• [Exercise details] Which lines come from the start of the listing through the line holding "EZO эксперт"? Restate exactly those, both included, minus the pictures.

• [Given material]

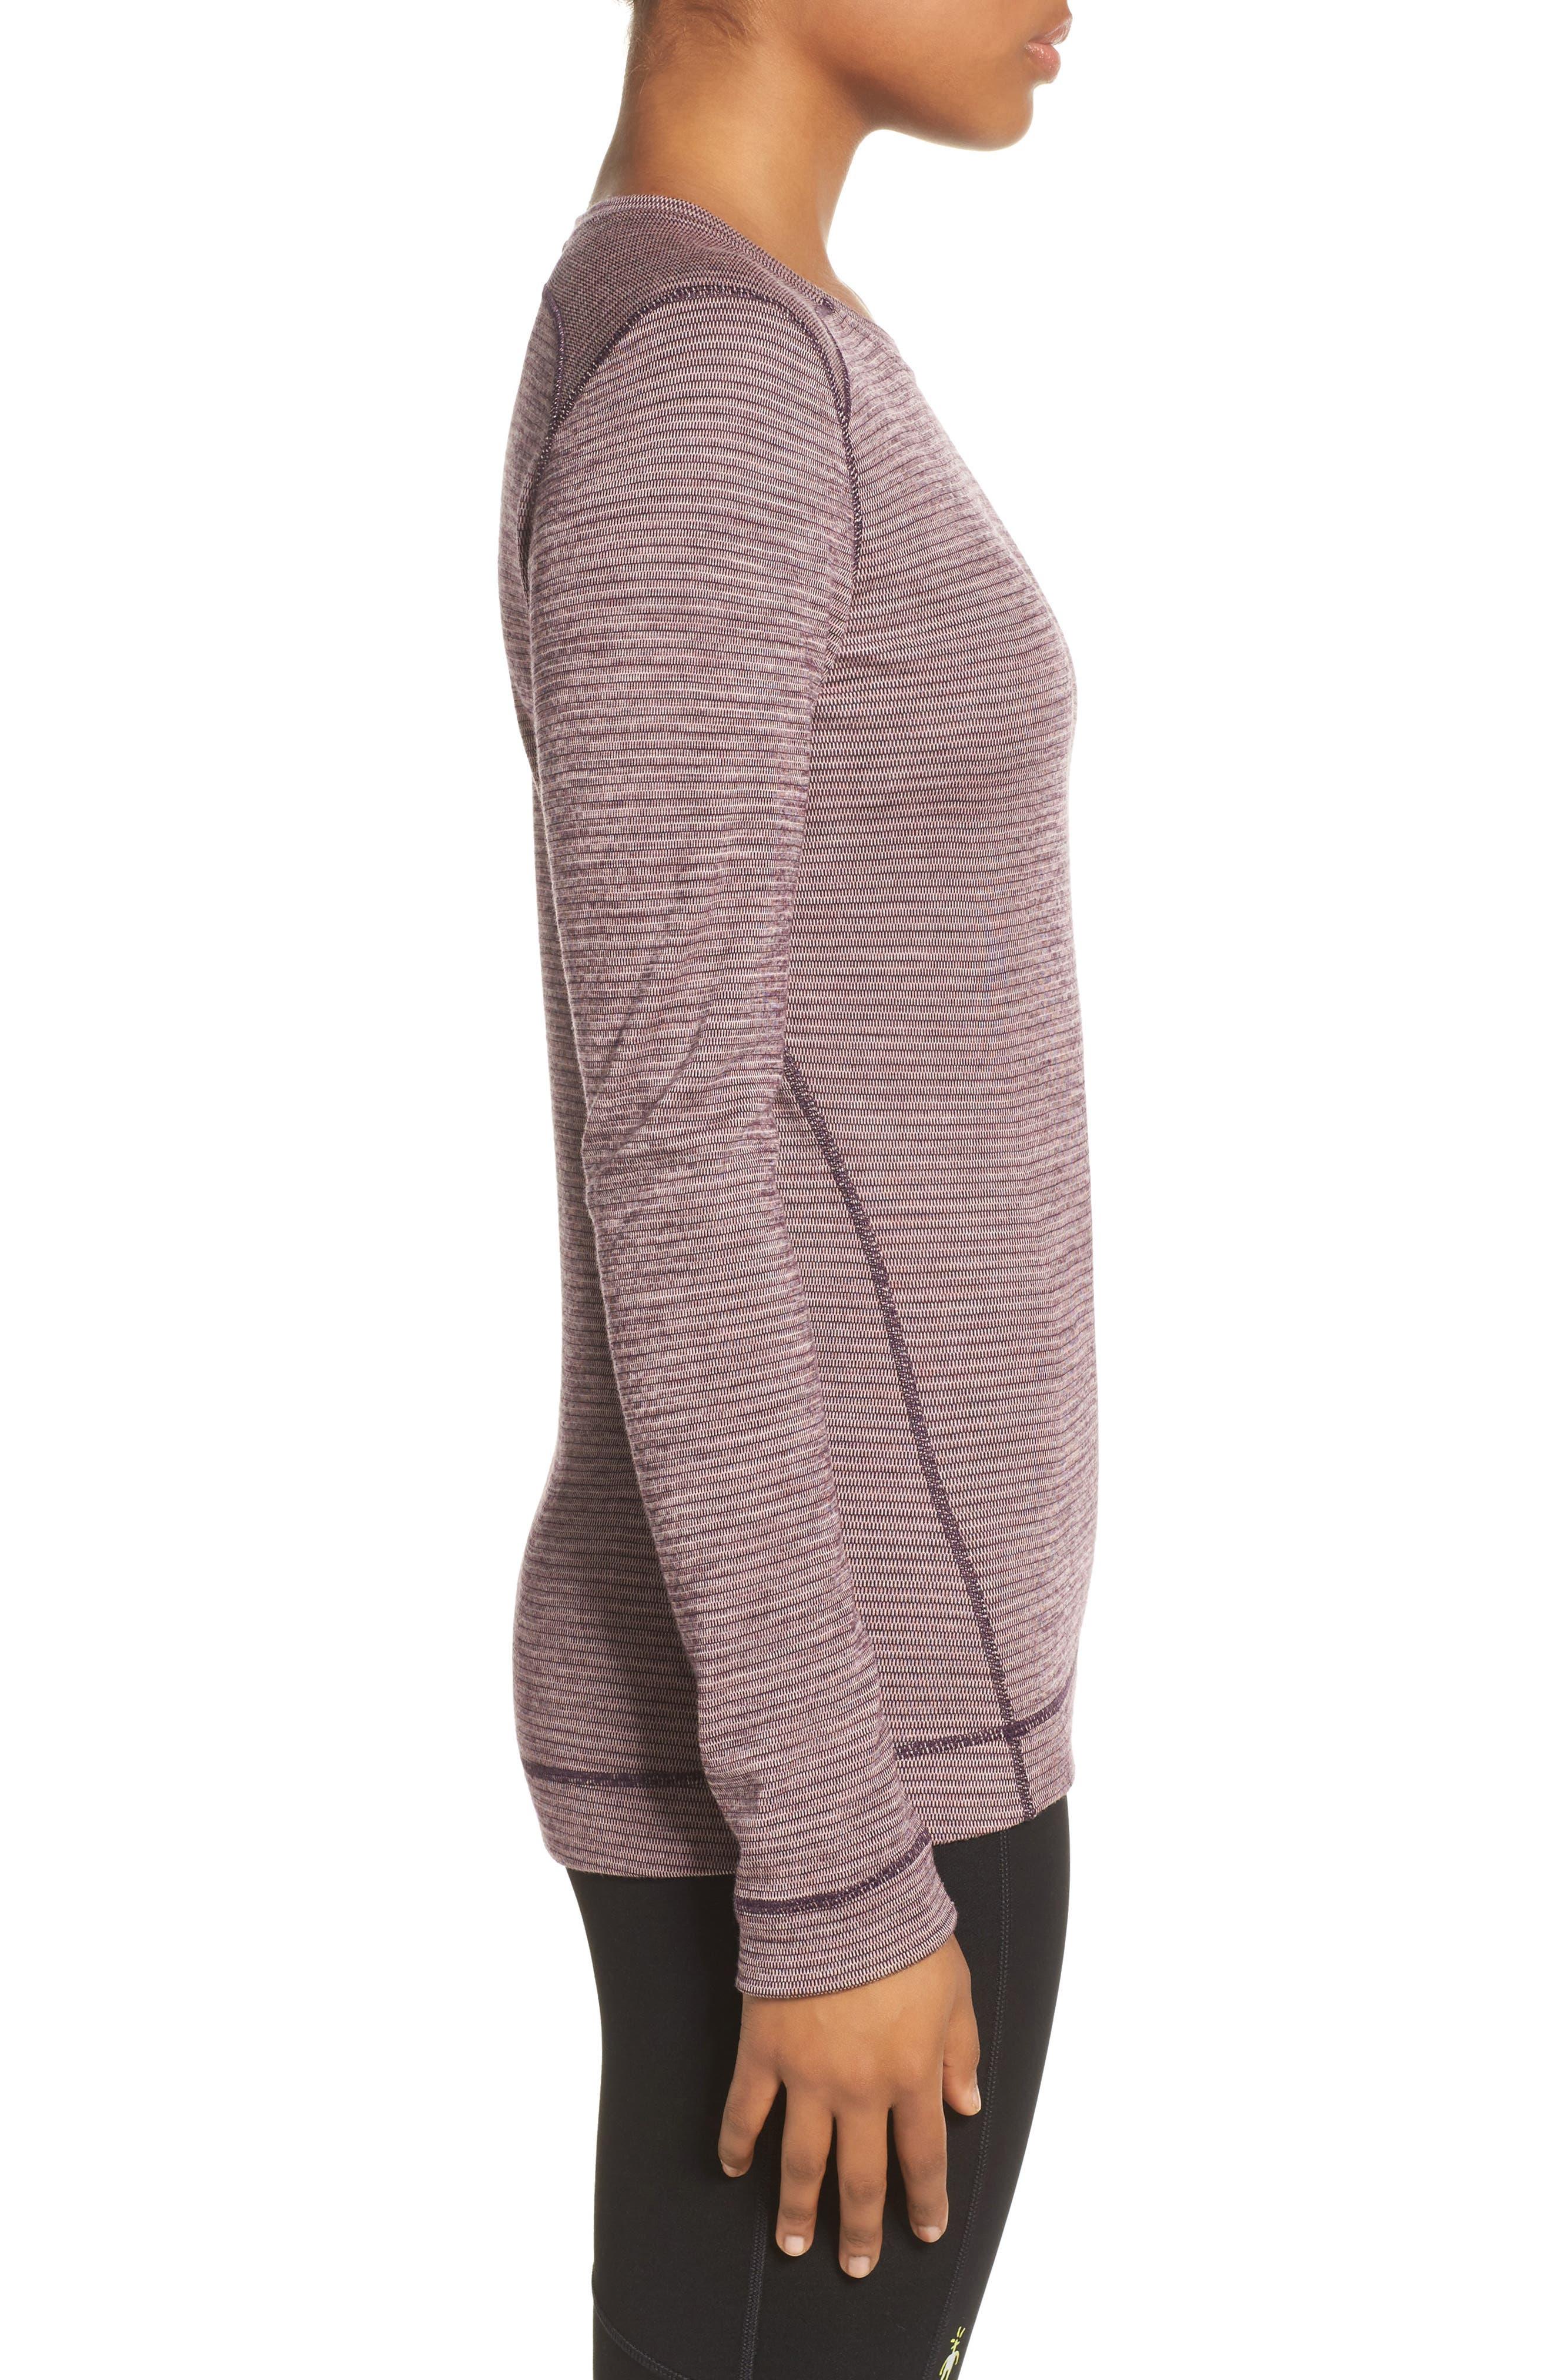 Merino Wool 250 Base Layer Top,                             Alternate thumbnail 3, color,                             Bordeaux
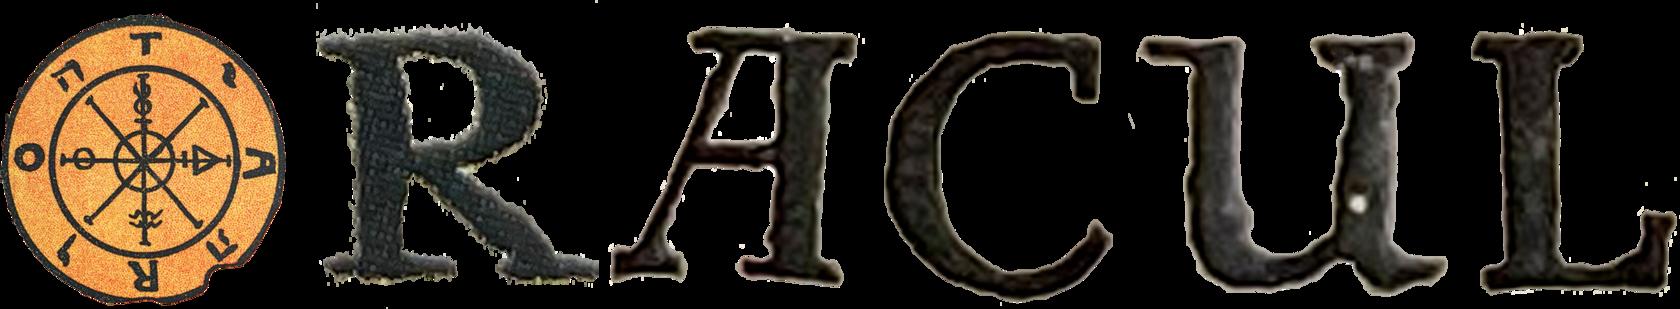 EZO эксперт
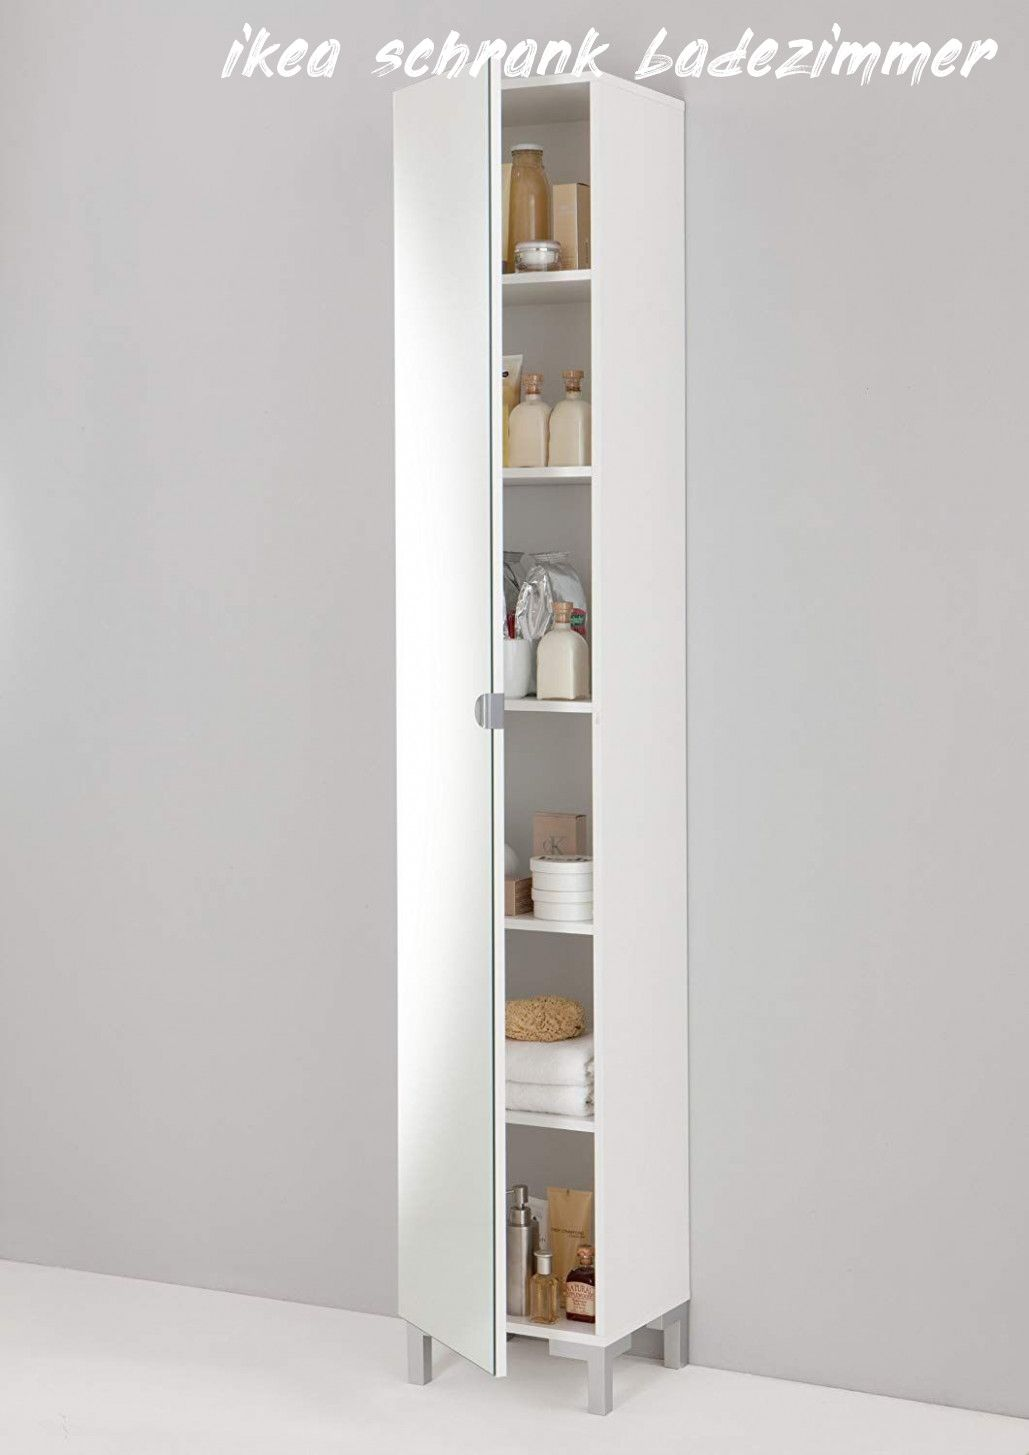 8 Ikea Schrank Badezimmer In 2020 Slim Bathroom Storage Cabinet White Bathroom Cabinets Bathroom Storage Cabinet

• [Problem solution]
 Merino Wool 250 Base Layer Top,                             Alternate thumbnail 3, color,                             Bordeaux
 EZO эксперт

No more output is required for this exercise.